On travaille en étroite collaboration avec nos partenaires, les commissions provinciales et territoriales des droits de la personne, afin de s’assurer d’avoir une approche aussi cohérente et cohésive que possible au pays.

Évidemment, à titre d’institution nationale des droits de la personne, on fait aussi rapport. Une des choses importantes qu’on fait à la Commission canadienne des droits de la personne, c’est de faire rapport sur la situation des droits de la personne au Canada. On le fait en consultant, encore une fois, les différents partenaires, les intervenants et les commissions provinciales, fédérales et territoriales afin de pouvoir formuler des recommandations.

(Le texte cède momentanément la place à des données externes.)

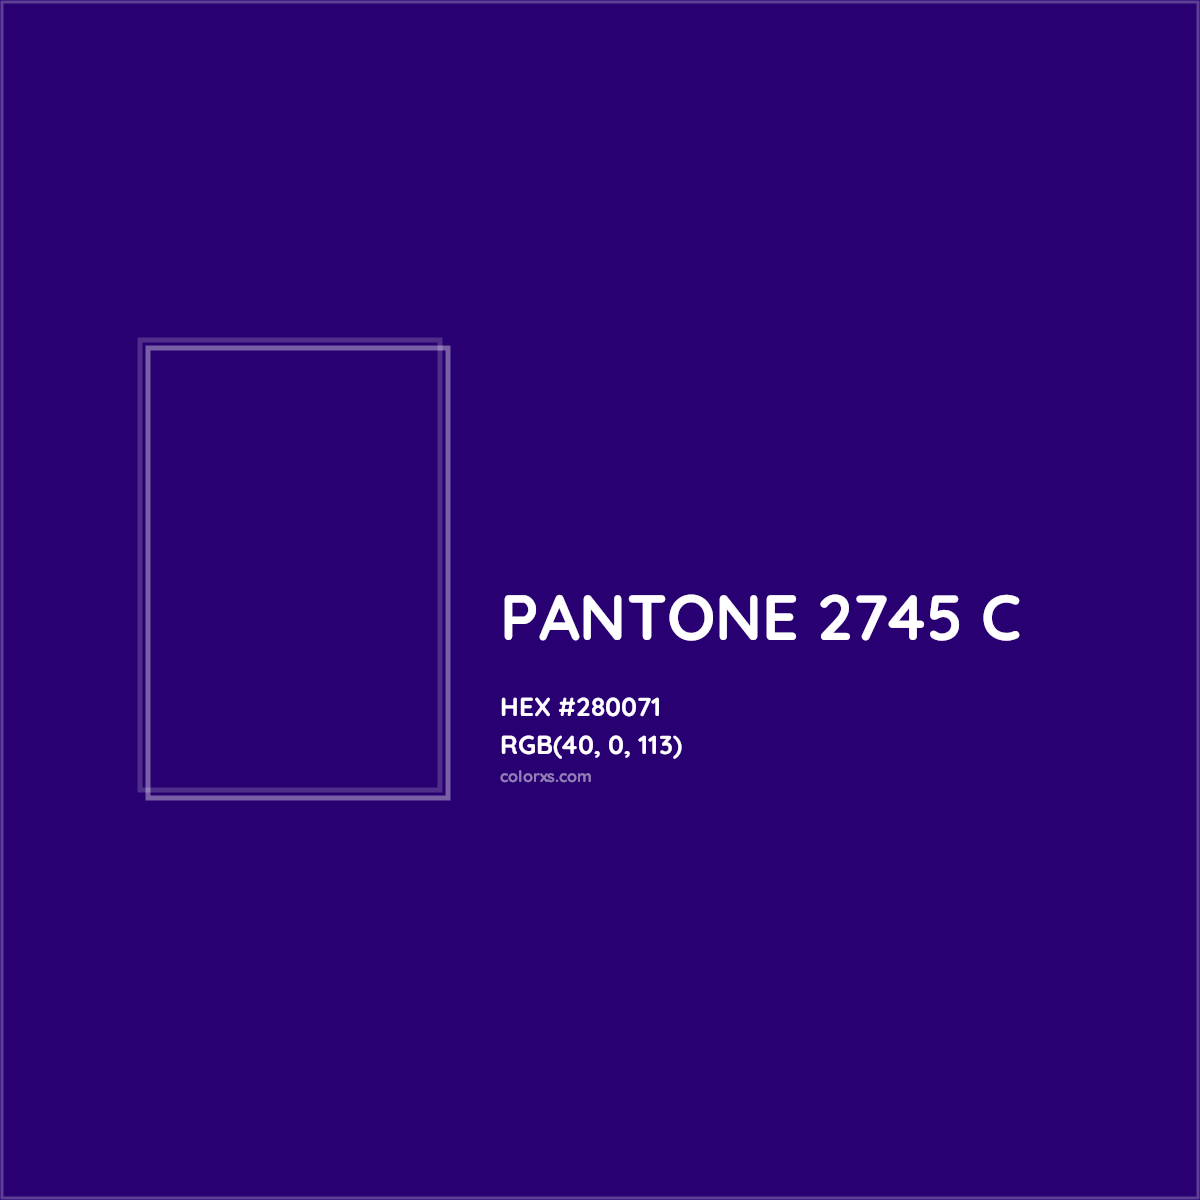 HEX #280071 PANTONE 2745 C CMS Pantone PMS - Color Code

La sénatrice Gerba : Merci beaucoup.

Est-ce que vous avez des exemples d’autres pays qui ont réussi à réduire ou à mettre en place des politiques contre l’islamophobie de manière efficace? Est-ce qu’on peut s’inspirer d’autres pays?

[Traduction]

Mme Landry : Je vais l’envoyer à ma collègue.

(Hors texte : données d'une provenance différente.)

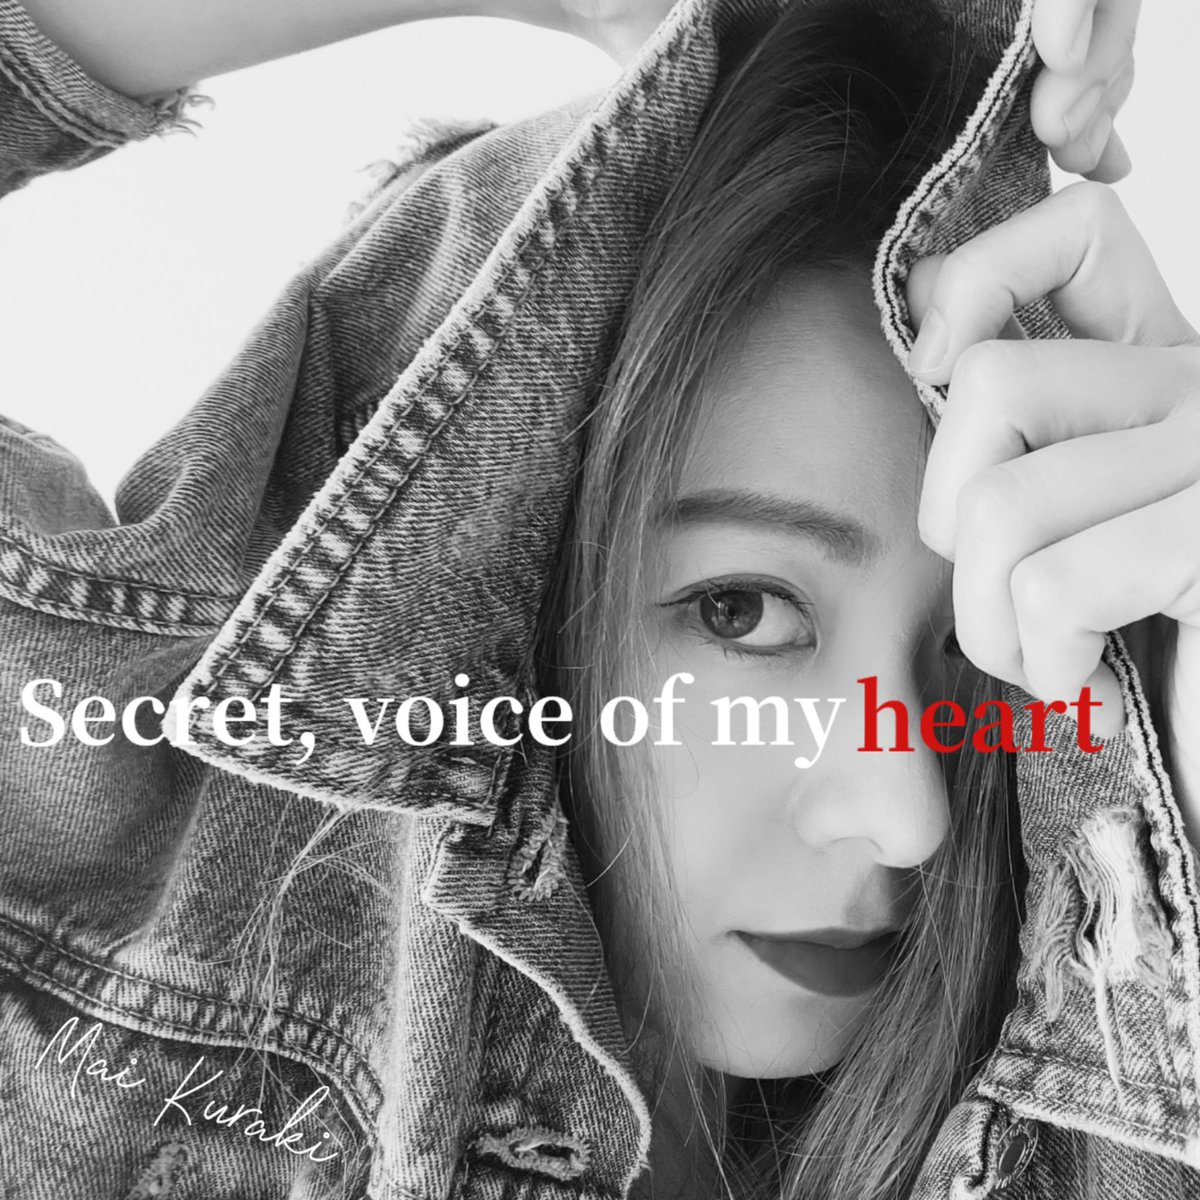 Cover art for『Mai Kuraki - Secret, voice of my heart』from the release『Secret, voice of my heart

Marcella Daye, conseillère principale en matière de politiques, Division des politiques, de recherche et des relations internationales, Commission canadienne des droits de la personne : Merci beaucoup de poser la question. En tant qu’institution nationale des droits de la personne, ce qu’est la commission au Canada, nous avons certaines responsabilités et capacités à l’échelle internationale où nous pouvons exhorter la communauté internationale à adopter de meilleures pratiques. Nous pouvons également, dans ce rôle, nous adresser aux organes de traités des Nations unies, aux rapporteurs spéciaux et à d’autres instruments des Nations unies pour qu’ils fournissent des renseignements que, espérons-le, d’autres pays pourront utiliser.

Nous n’avons pas la capacité de critiquer précisément les autres pays, et nous n’avons donc pas à portée de main les exemples que vous cherchez pour savoir qui est meilleur et qui est pire à l’heure actuelle. Mais je dirai que le Canada est souvent considéré comme un chef de file mondial. Nous avons certainement constaté au cours des dernières années que la situation dans de nombreux pays est devenue plus hostile aux immigrants, et nous savons que le Canada envisage également d’accueillir davantage d’immigrants.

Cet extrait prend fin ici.